In my opinion, the crystal clear, flat polycarbonate hurricane shutters are the only way to go. They look good, don't distort your view and act like storm windows by lowering your heating and cooling costs. I watched a video online and they look extremely strong, too.

anshuman
Post 3

What a description about Storm Shutters it is. It is giving a clear idea about comparison of varieties of shutters.

SarahG
Post 2

@seafoam - Hurricane storm shutters can be purchased in a clear version these days. I guess that does you no good in your current home, it's far too expensive to replace the old ones just because you want to be able to watch the storm as it blows through!

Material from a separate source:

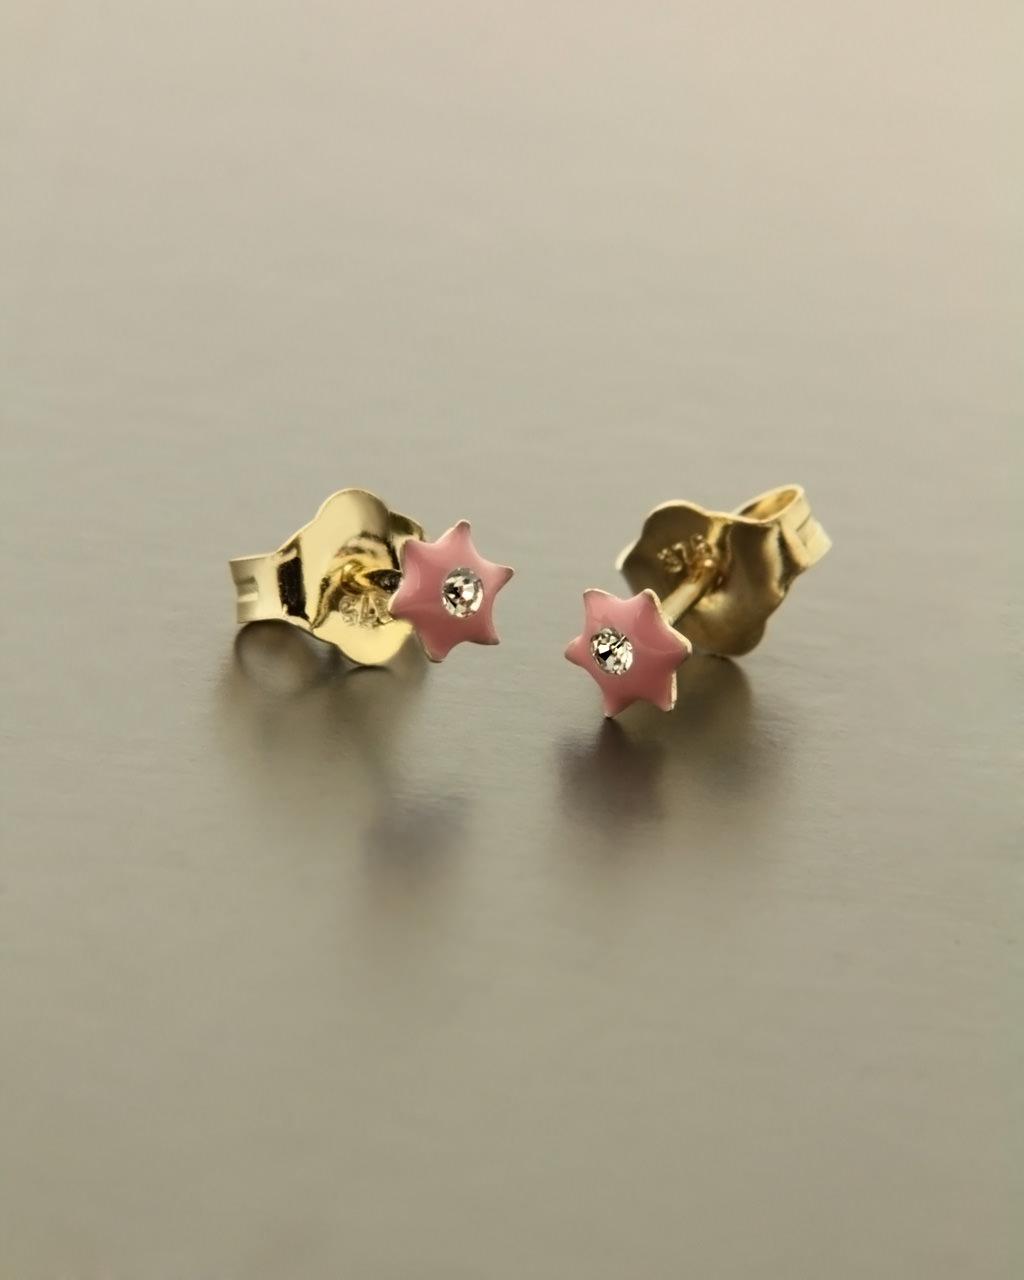 Σκουλαρίκια παιδικά χρυσά Κ9 με Σμάλτο & Ζιργκόν   νεεσ αφιξεισ κοσμήματα παιδικά

A few of our neighbors have bought the hurricane fabric that looks like screens. They are so much easier to put up and take down, even a little old lady can do it! Not only are they lightweight and simple to work with, you can see through the fabric.

Since hurricane season lasts such a long time (June 1st - November 30th), it's great to have shutters that are both strong and easy on the eye.

seafoam
Post 1

Storm panels have come a long way in the past few years. There are some nice, new options these days but we still own the old tried-and-true aluminum hurricane shutters.

They have their pros and cons — they take hours to set up and hours to take down. They are sturdy and dependable, but it's like being in a dark cave once they've been attached to every window in your home. Not being able to see out in the middle of a hurricane can make you feel pretty batty. I speak from experience after living through Charley and Wilma, two Florida hurricanes.